GPU Reduction

Writing a reduction algorithm for CUDA GPU can be tricky. Numba provides a @reduce decorator for converting a simple binary operation into a reduction kernel. An example follows:

import numpy
from numba import cuda

@cuda.reduce
def sum_reduce(a, b):
    return a + b

A = (numpy.arange(1234, dtype=numpy.float64)) + 1
expect = A.sum()      # numpy sum reduction
got = sum_reduce(A)   # cuda sum reduction
assert expect == got

Lambda functions can also be used here:

sum_reduce = cuda.reduce(lambda a, b: a + b)

The Reduce class

The reduce decorator creates an instance of the Reduce class. Currently, reduce is an alias to Reduce, but this behavior is not guaranteed.

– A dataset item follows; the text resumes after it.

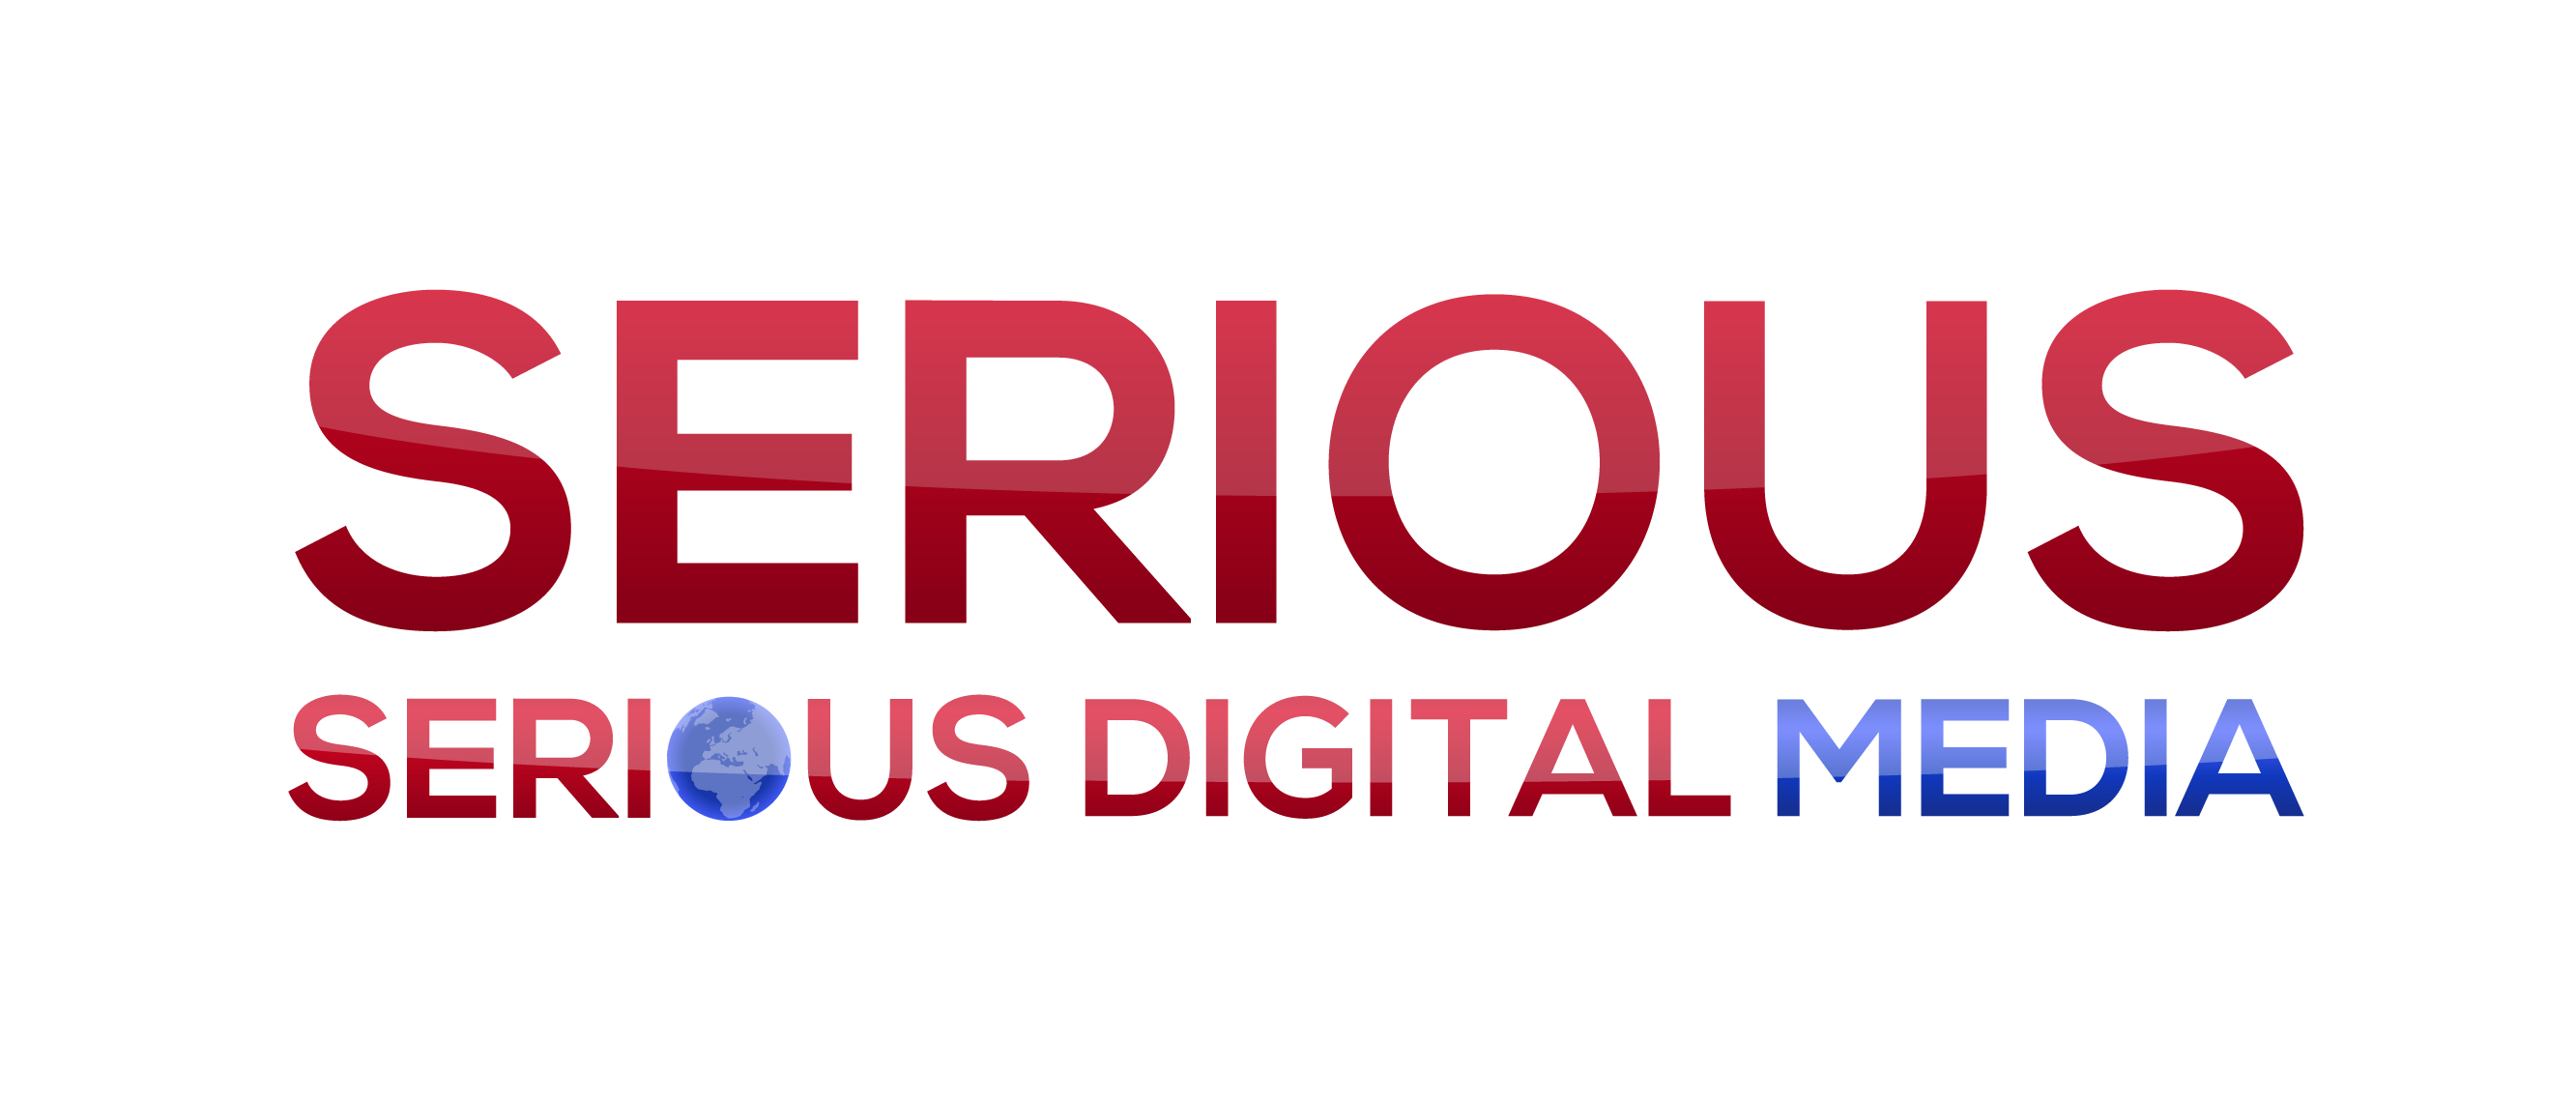 Serious Digital Media

class numba.cuda.Reduce(functor)

Create a reduction object that reduces values using a given binary function. The binary function is compiled once and cached inside this object. Keeping this object alive will prevent re-compilation.

__init__(functor)
Parameters

functor – A function implementing a binary operation for reduction. It will be compiled as a CUDA device function using cuda.jit(device=True).

__call__(arr, size=None, res=None, init=0, stream=0)

Performs a full reduction.

Parameters
  • arr – A host or device array.

  • size – Optional integer specifying the number of elements in arr to reduce. If this parameter is not specified, the entire array is reduced.

  • res – Optional device array into which to write the reduction result to. The result is written into the first element of this array. If this parameter is specified, then no communication of the reduction output takes place from the device to the host.

  • init – Optional initial value for the reduction, the type of which must match arr.dtype.

  • stream – Optional CUDA stream in which to perform the reduction. If no stream is specified, the default stream of 0 is used.

Returns

If res is specified, None is returned. Otherwise, the result of the reduction is returned.